I need the lines from the one containing "5 x 4″ (12,8 x 10,4 cm)" through the last line of the entries retyped exactly, with no pictures among them.

_Supplied entries_
——————
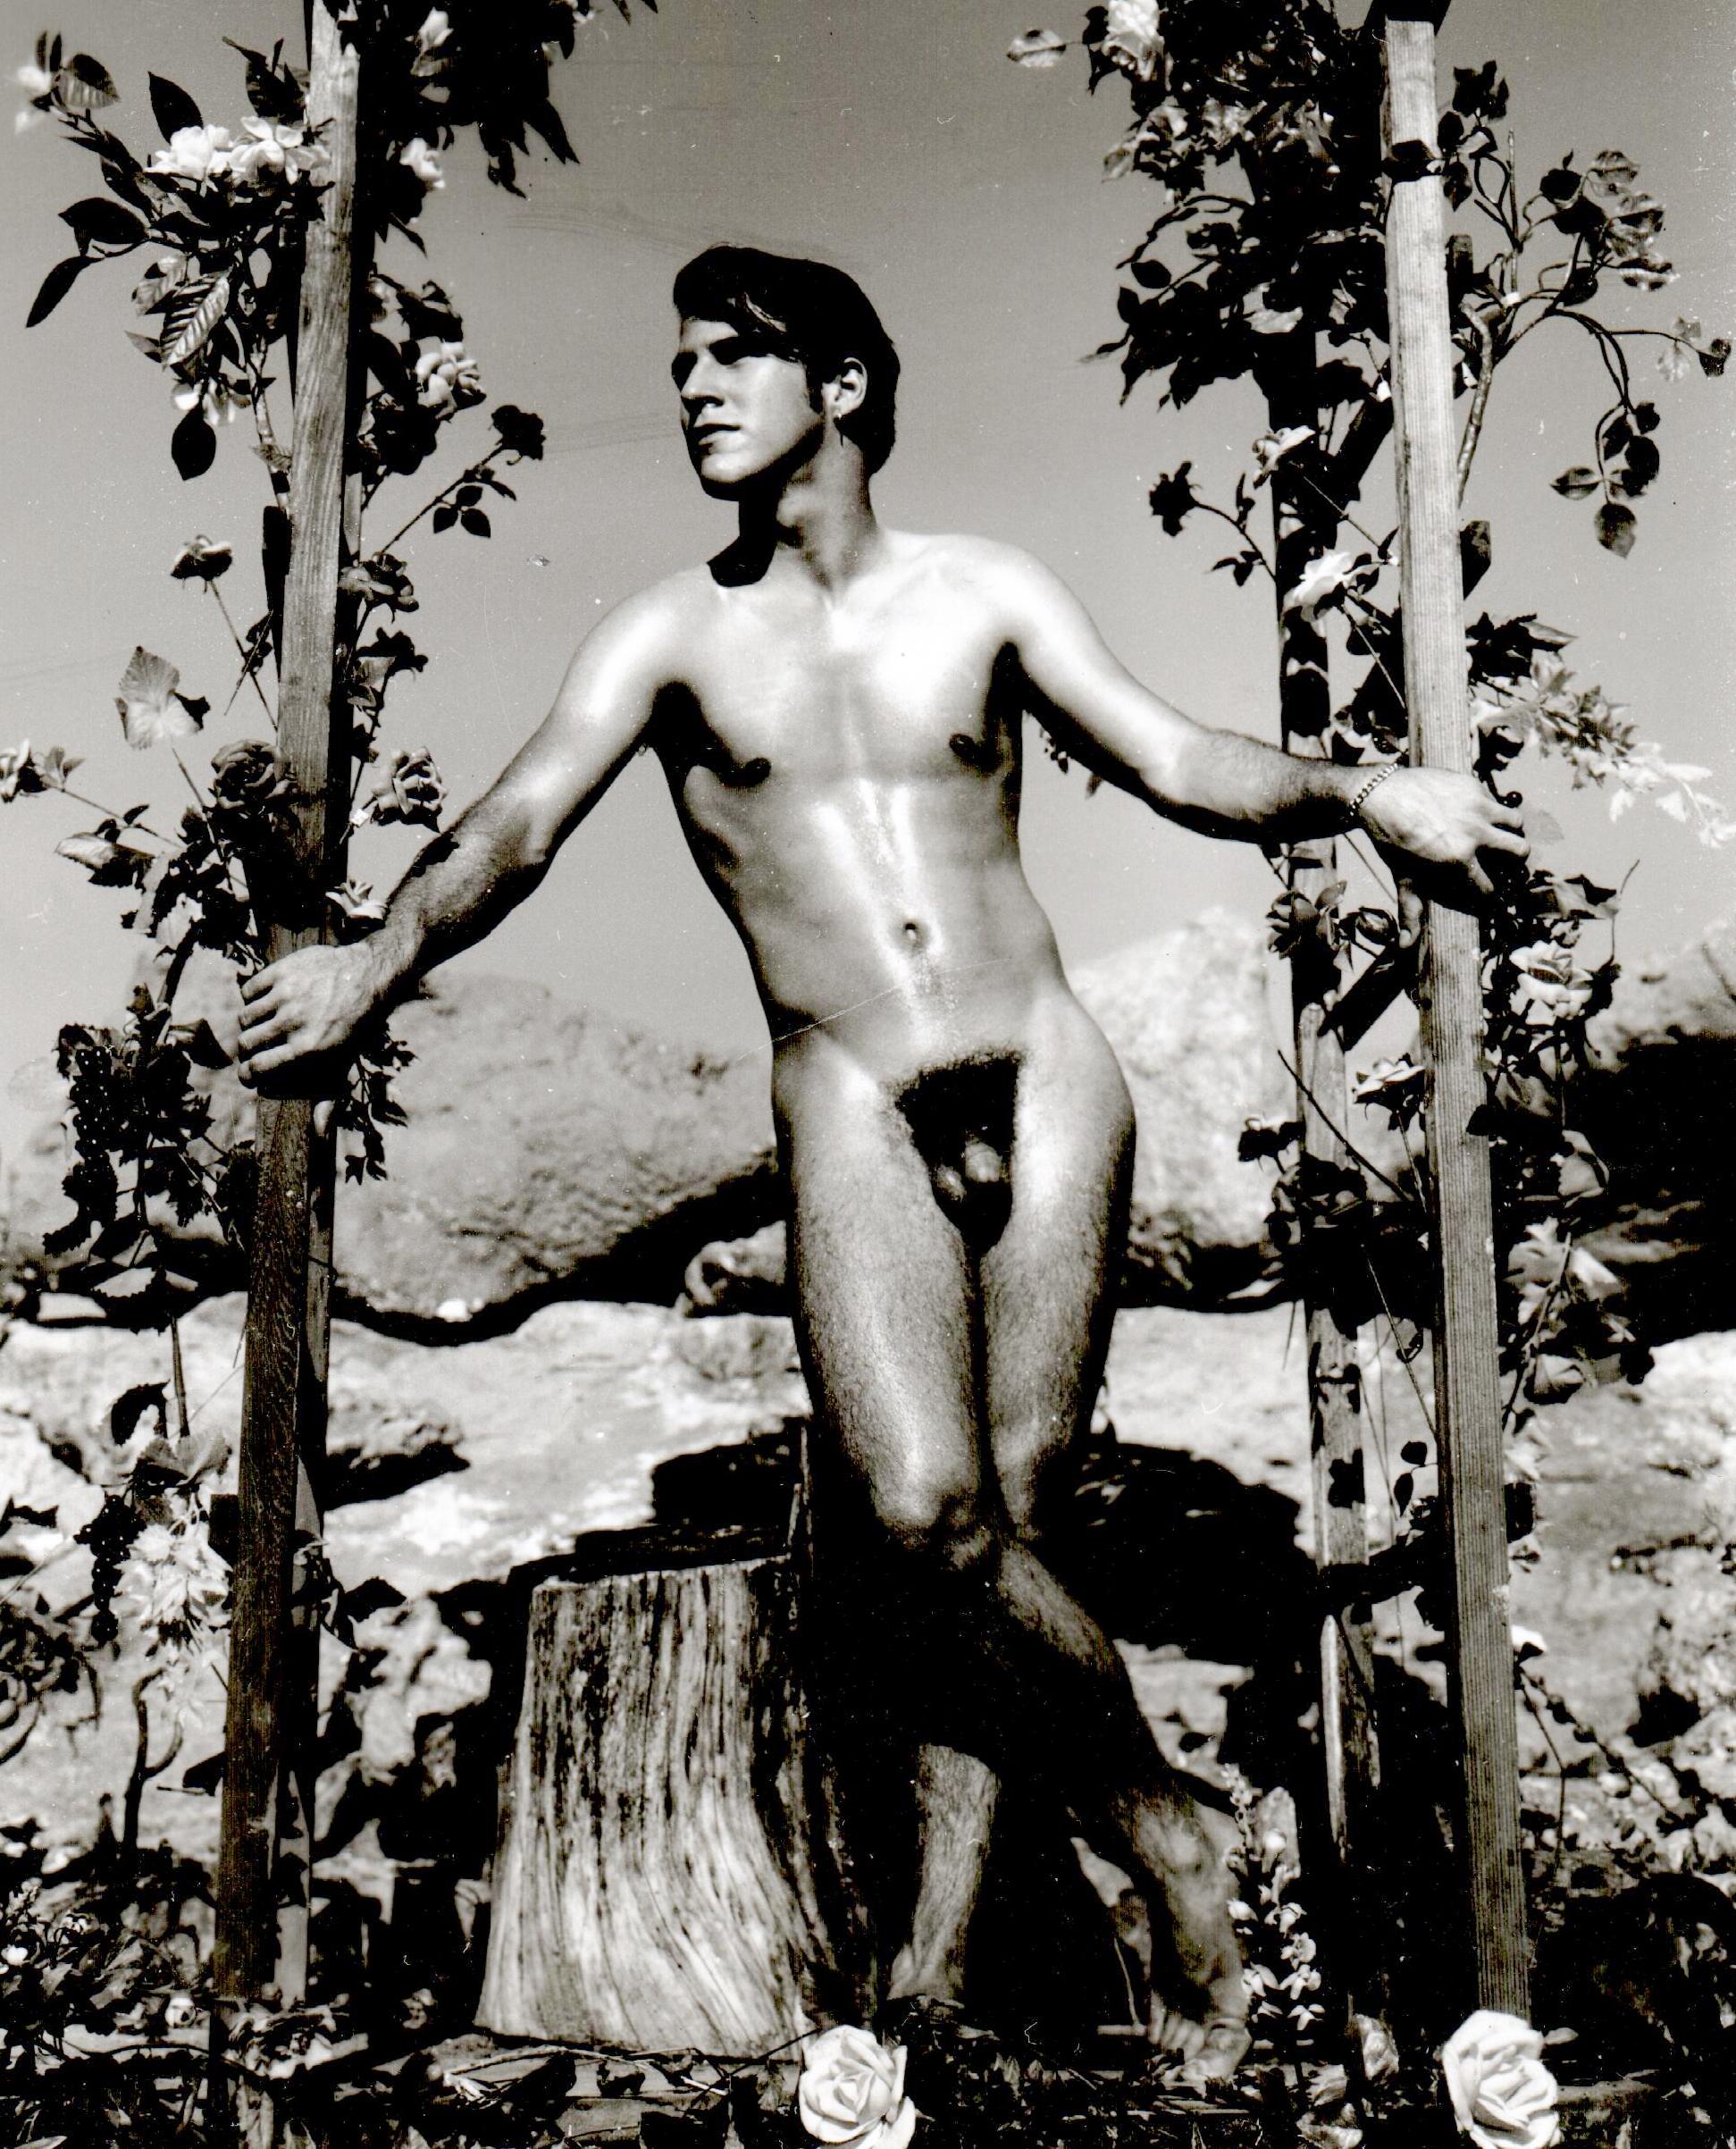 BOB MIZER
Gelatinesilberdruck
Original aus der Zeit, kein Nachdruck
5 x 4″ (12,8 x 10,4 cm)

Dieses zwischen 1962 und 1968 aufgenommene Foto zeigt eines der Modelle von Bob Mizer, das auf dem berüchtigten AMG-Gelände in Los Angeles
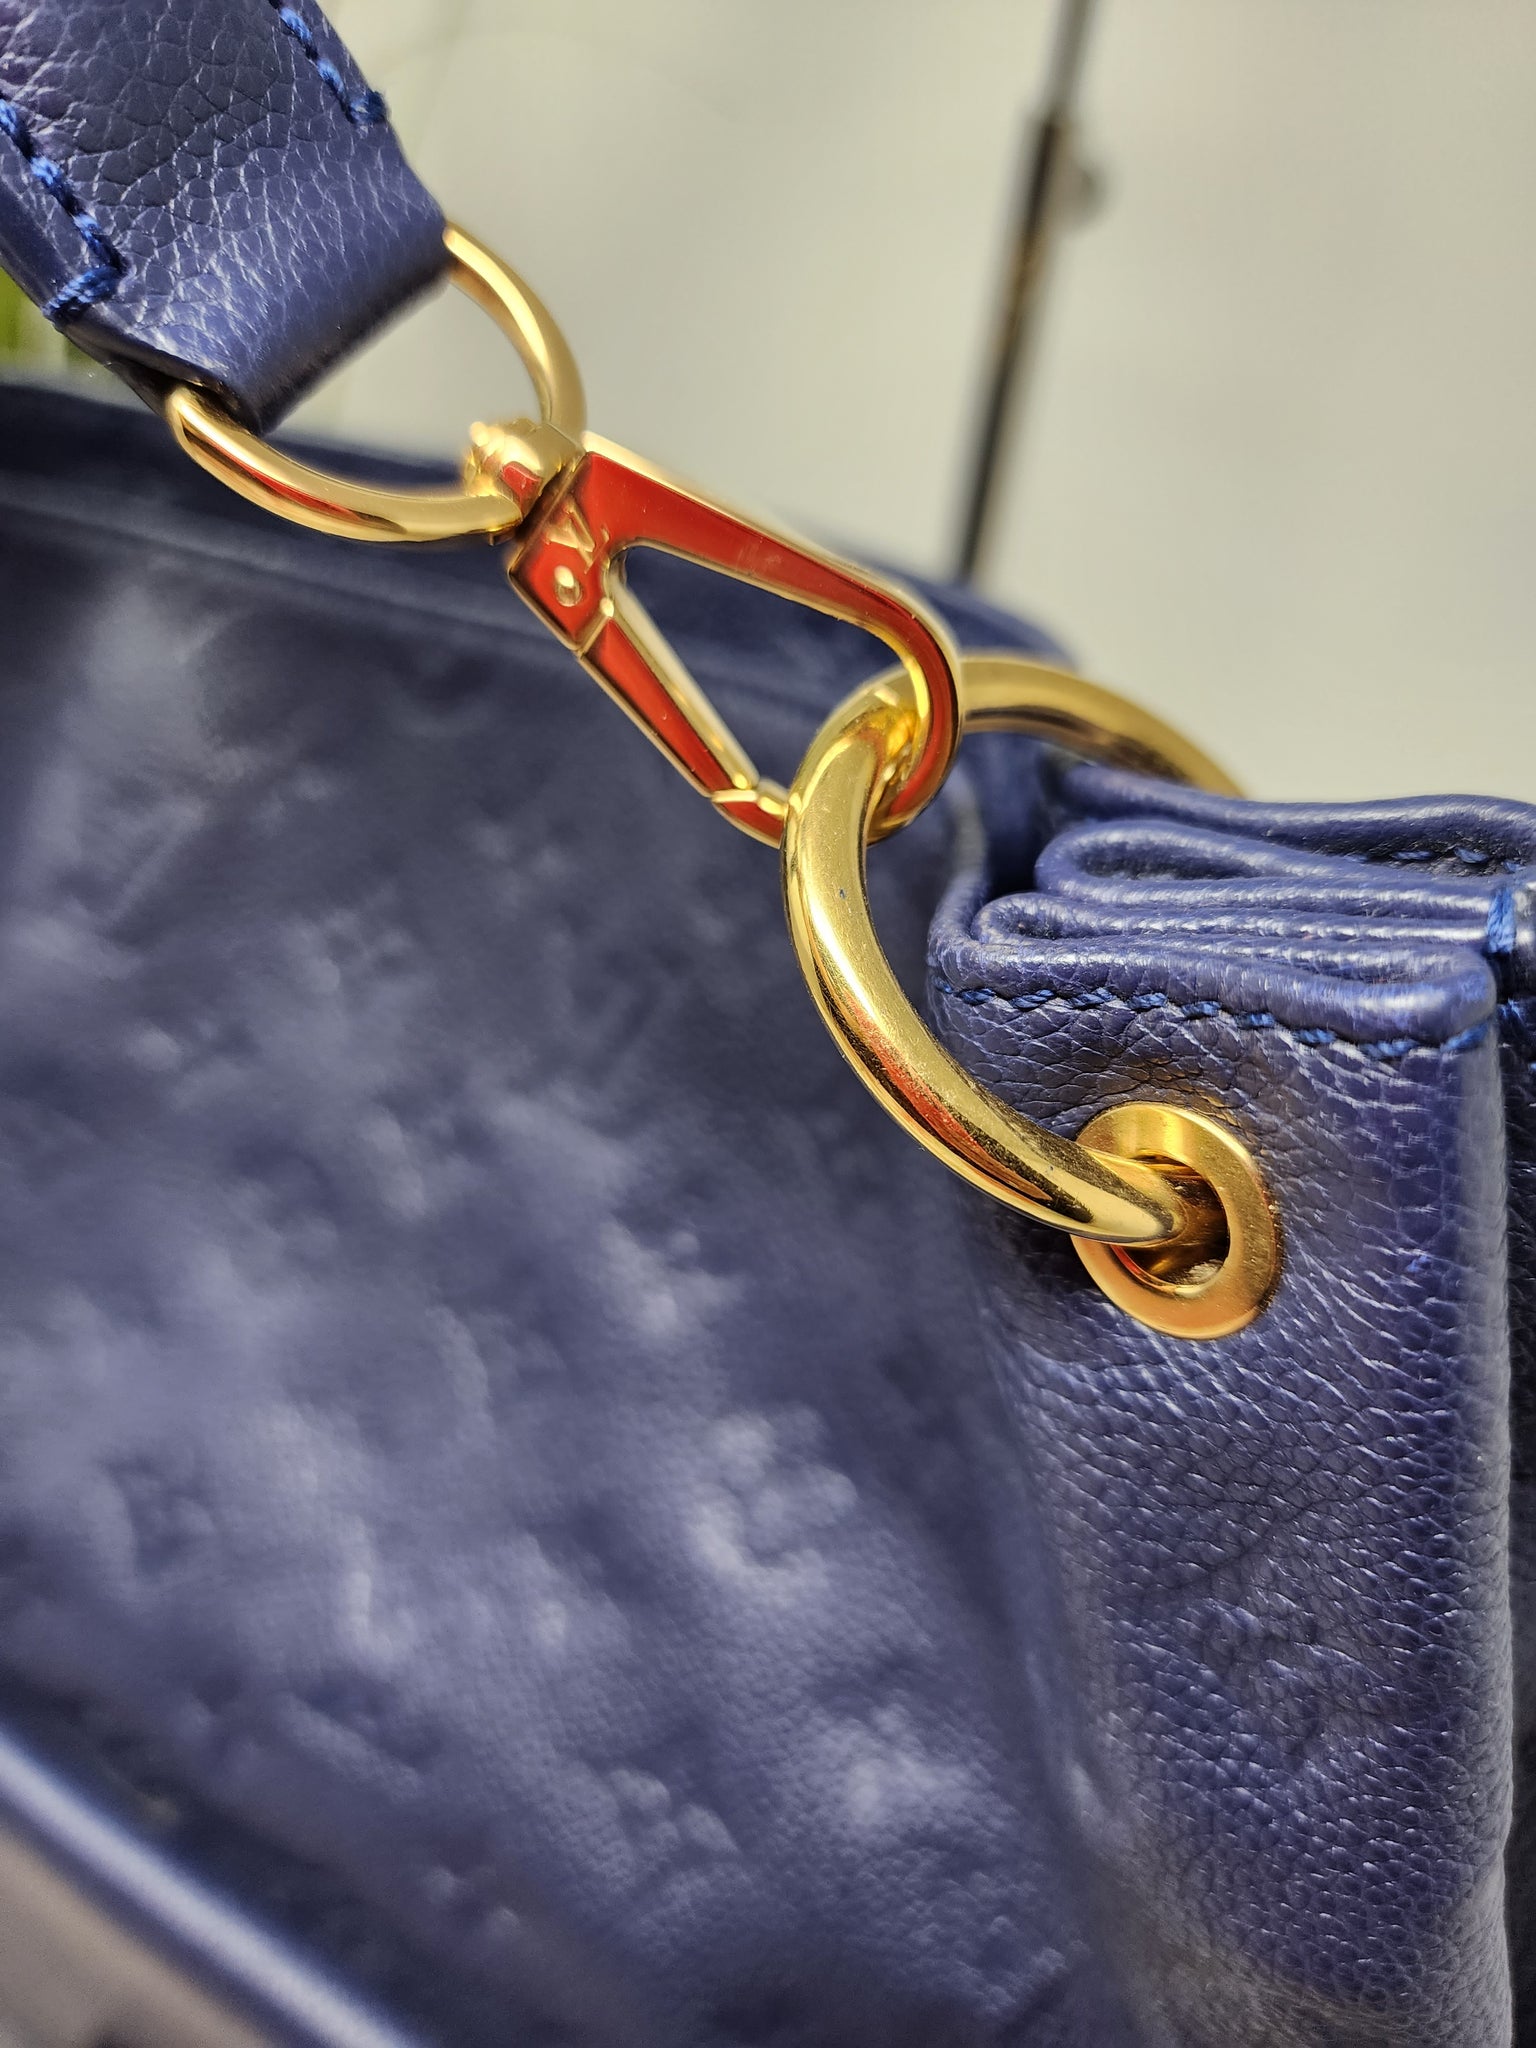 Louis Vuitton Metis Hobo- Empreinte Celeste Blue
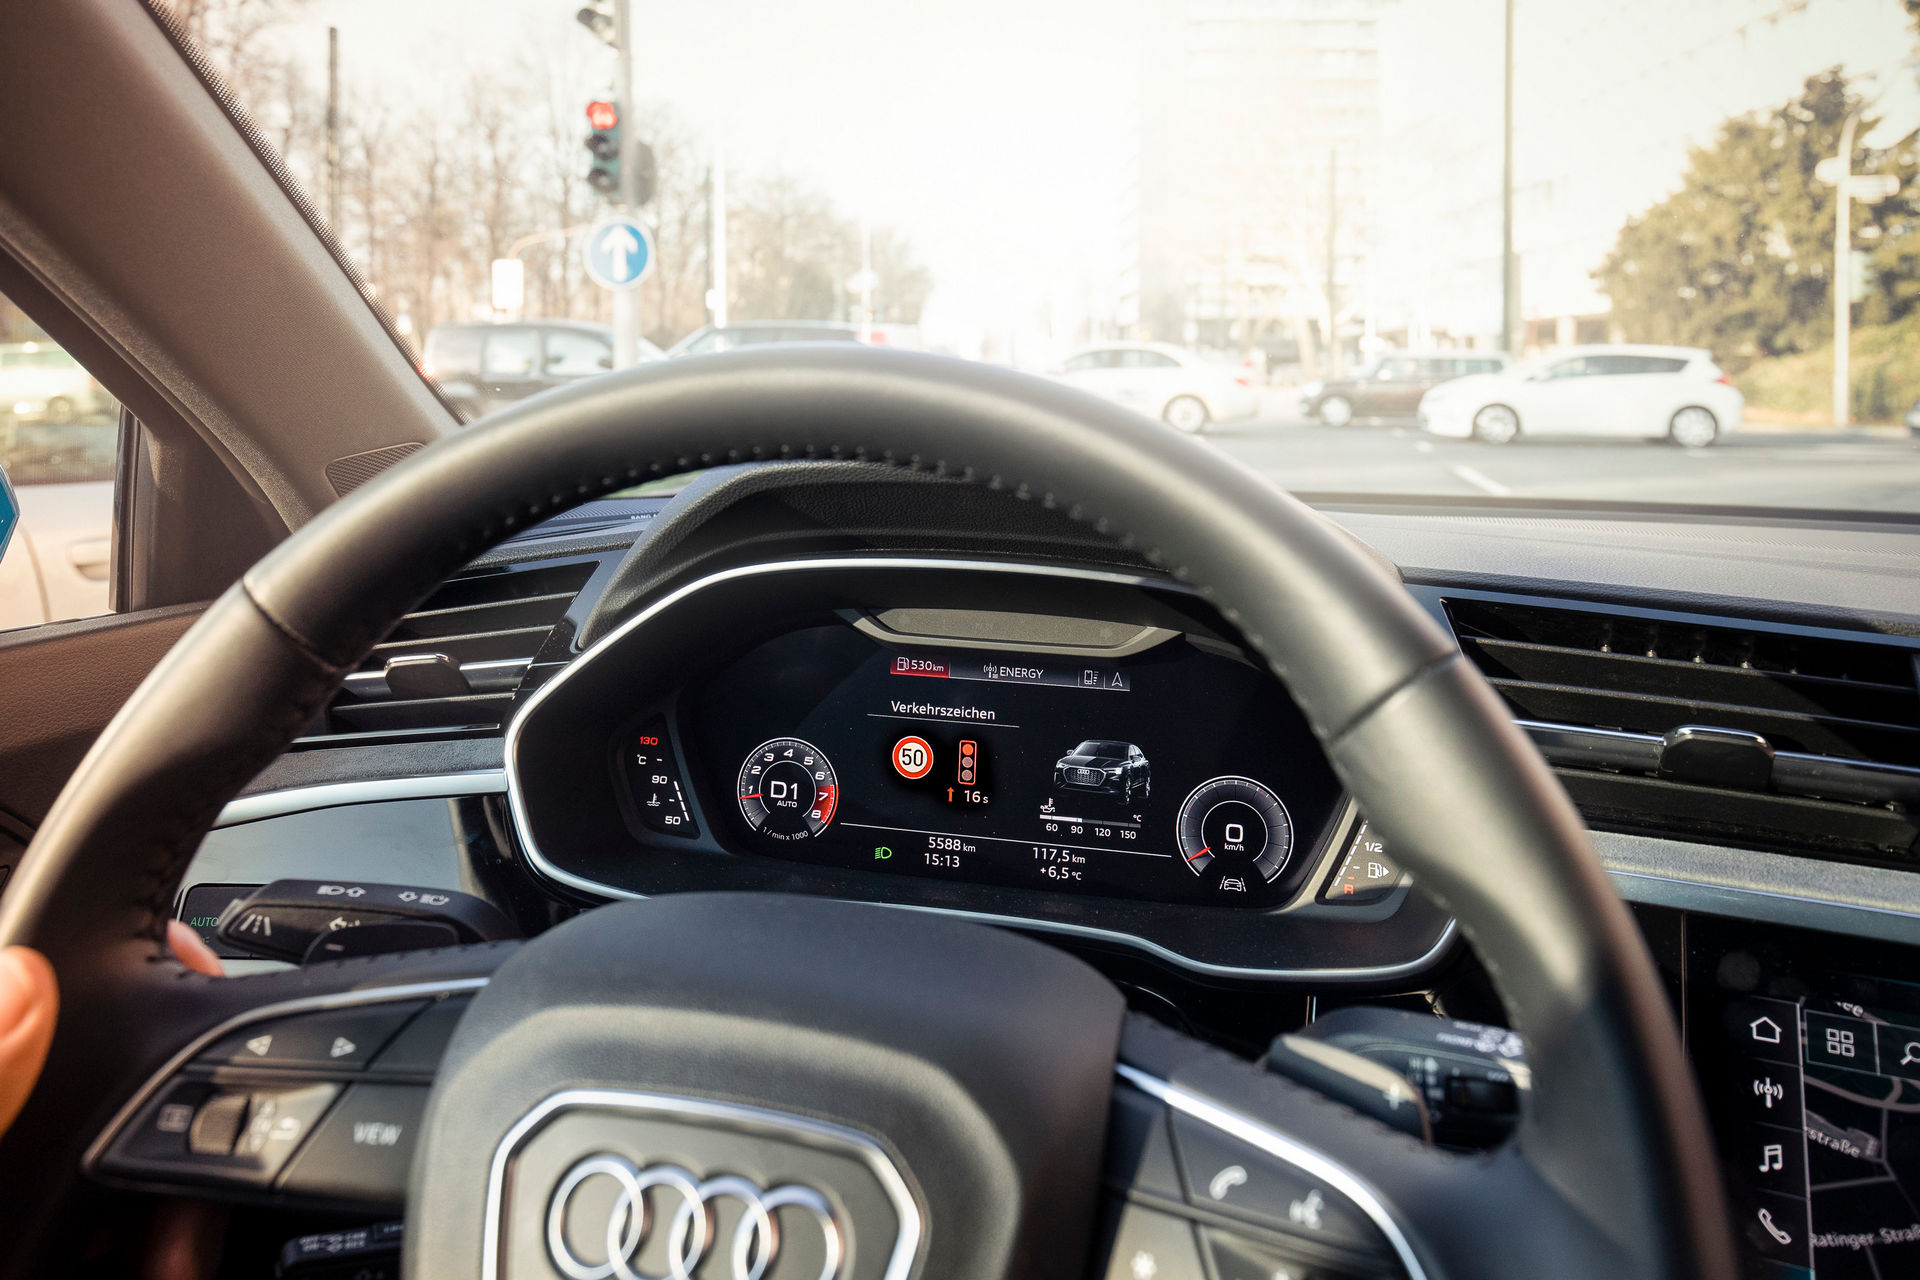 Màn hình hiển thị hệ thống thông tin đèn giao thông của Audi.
——————
_Result of this task_
5 x 4″ (12,8 x 10,4 cm)

Dieses zwischen 1962 und 1968 aufgenommene Foto zeigt eines der Modelle von Bob Mizer, das auf dem berüchtigten AMG-Gelände in Los Angeles
 Louis Vuitton Metis Hobo- Empreinte Celeste Blue
 Màn hình hiển thị hệ thống thông tin đèn giao thông của Audi.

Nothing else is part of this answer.